Keywords: Artificial intelligence, Cardiology, Machine learning, Ageing, Physical activity, Explainable, SHAP
Graphical Abstract
Introduction
Currently, multiple groups are working on developing machine learning (ML) techniques for cardiovascular disease.1–3 A common theme across this rapidly burgeoning field is the experimental use of heterogeneous methodologies. While the pursuit to fine-tune ML models in disease prediction is an ongoing one, there is far less work on operationalizing these models for future clinical translation.
Backed by power in large datasets present in population-based healthcare, we anticipate immense potential for ML to influence healthcare goals of interest to large population sets. The field of physical activity is a prime example, where strategies personalized to individuals will likely have widespread healthcare impact. Physical activity has an important role in modulating the impact of population ageing on cardiovascular disease as well as ageing-related declines in muscle mass and overall function.4 However, there is wide interindividual variation in responses to physical activity.5
As physical activity is a major modifiable lifestyle factor that can mitigate ageing-related changes in cardiovascular function in conjunction to sarcopenia and frailty, focusing work from ML to personalize physical activity strategies is likely impactful.

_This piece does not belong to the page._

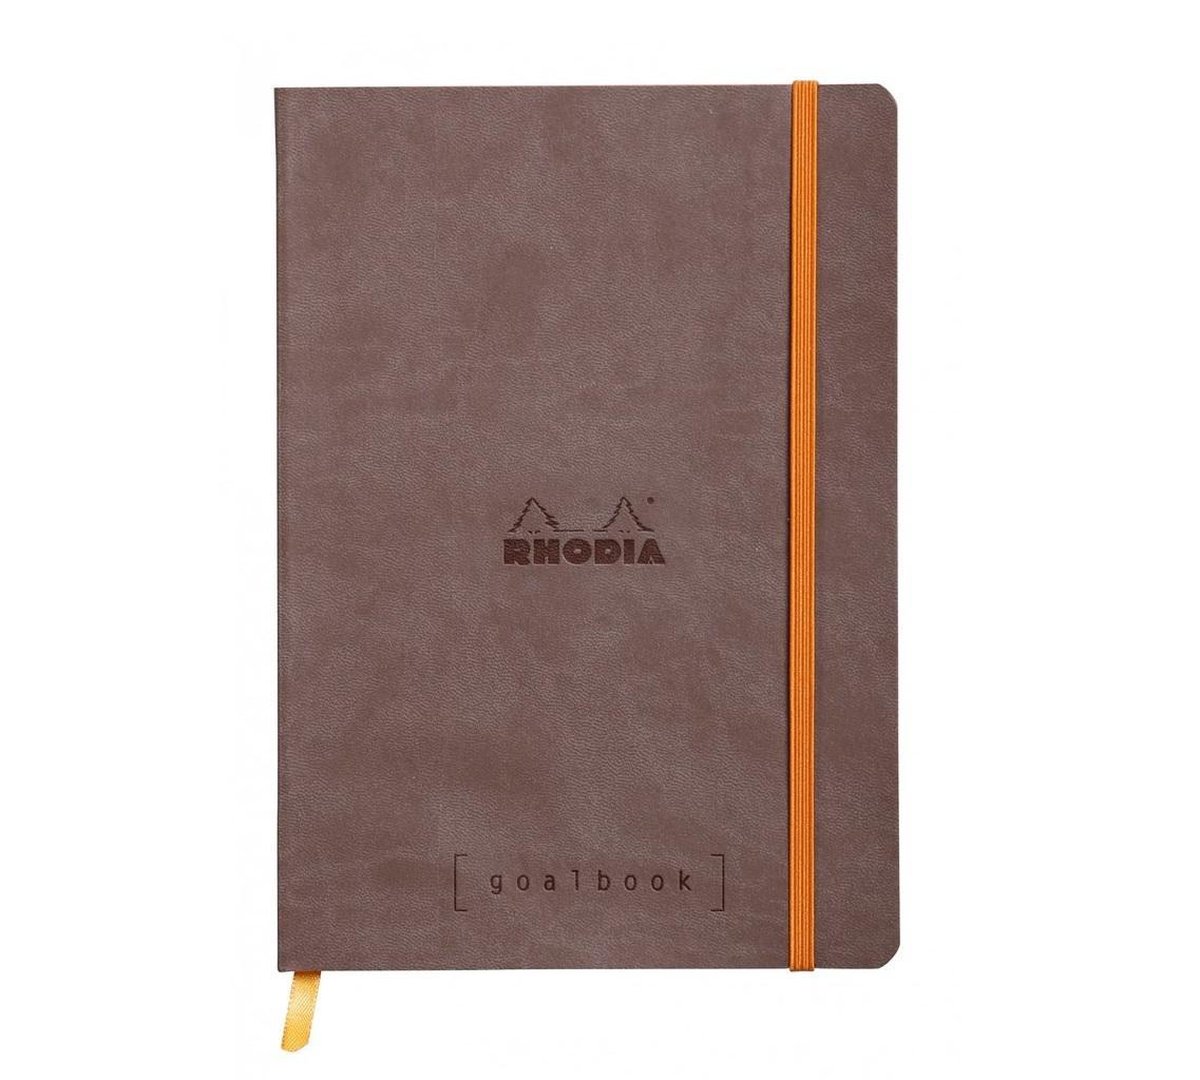 Rhodia Goalbook – Bullet Journal – A5 – 14,8x21cm – Softcover – Gestippeld – Dotted – Chocolade Bruin

In this work, we applied the SHapley Additive exPlanations (SHAP) methodology on a dataset of older adults whose physical activity levels were studied in conjunction with changes in their left ventricular (LV) structure. We hypothesize that intelligent visualization of physical factors of greatest impact on LV structure by the SHAP approach would identify unique features on a per patient level.
Materials and methods
Study population
We studied data from a random pilot sample of human subjects recruited from the Cardiac Ageing Study (CAS),6 a prospective study initiated in 2014 that examines characteristics and determinants of cardiovascular function in elderly adults. The current study sample consisted of men and women who participated in the baseline CAS 2014–2017 examination who had no self-reported history of physician-diagnosed cardiovascular disease (such as coronary heart disease, atrial fibrillation), stroke, or cancer. Written informed consent was obtained from participants upon enrolment. The SingHealth Centralised Institutional Review Board (CIRC/2014/628/C) had approved the study protocol.

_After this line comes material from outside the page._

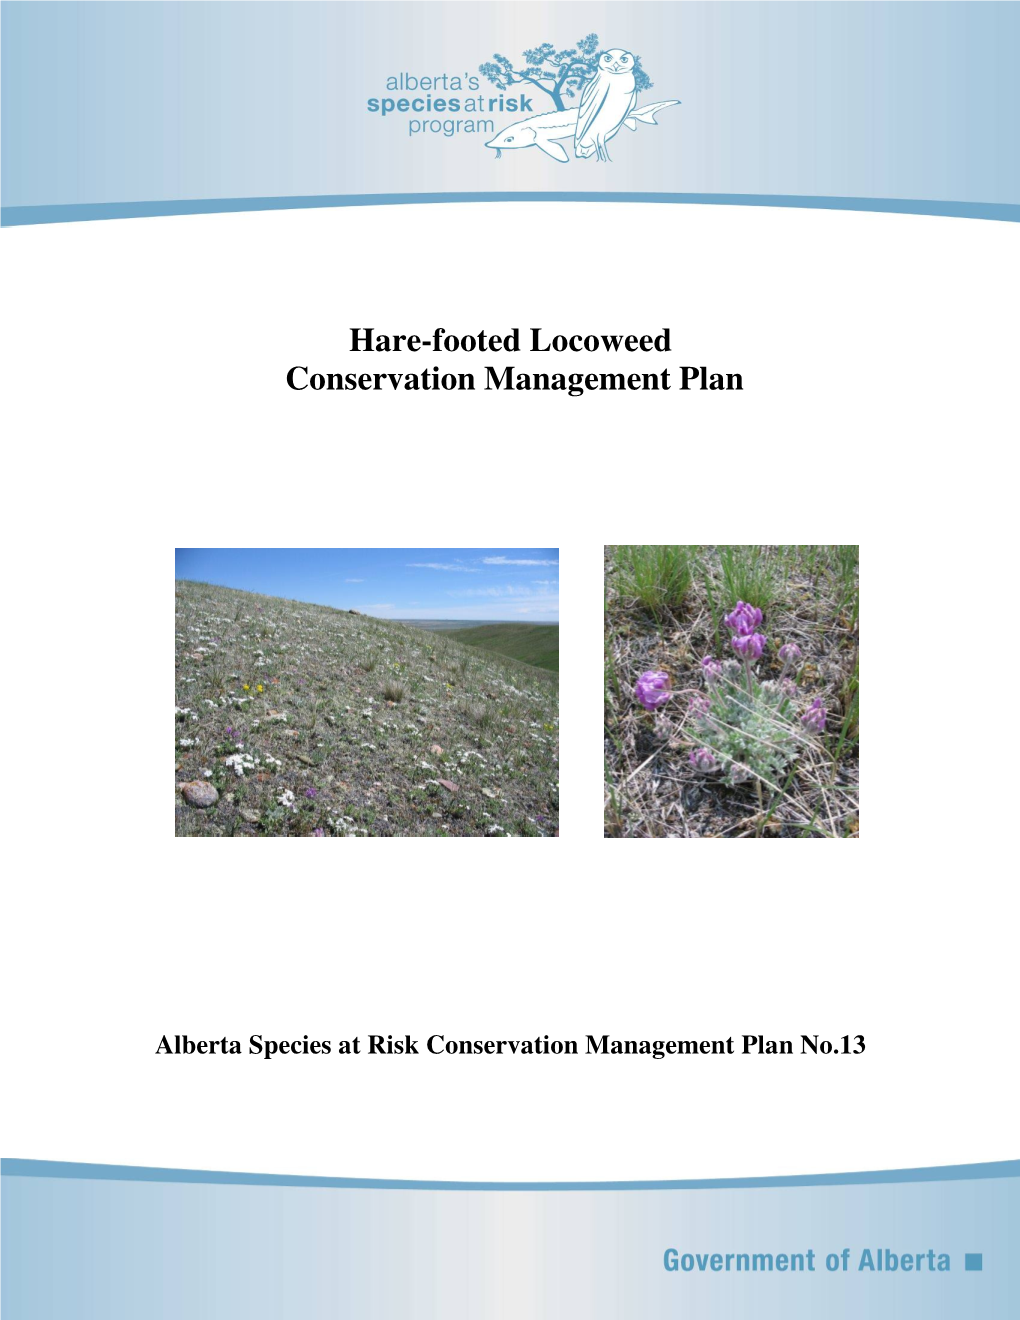 Hare-Footed Locoweed Conservation Management Plan

Subjects underwent transthoracic echocardiography. Briefly, echocardiography was performed using ALOKA α10 with a 3.5 MHz probe. In each subject, standard echocardiography, which included 2D, M-mode, pulse Doppler, and tissue Doppler imaging, was performed in the standard parasternal and apical (apical four-chamber, apical two-chamber, and apical long) views, and three cardiac cycles were recorded. Left ventricular ejection fraction and LV mass were measured. From the parasternal long-axis view, LV dimensions were assessed and LV mass was calculated using the Devereux’s formula.7 All measurements were measured by the same operator, and the measurements were averaged over three cardiac cycles and adjusted by the RR interval.
Machine learning
With the collected data, the participants’ physical functional parameters were identified and grouped together as features (Supplementary material online, Appendix SA). They were then used to predict the target variable, LV mass. The dataset was randomly divided, with 80% used for training (n = 68) and 20% used for testing (n = 18). Missing feature data were also replaced with mean values.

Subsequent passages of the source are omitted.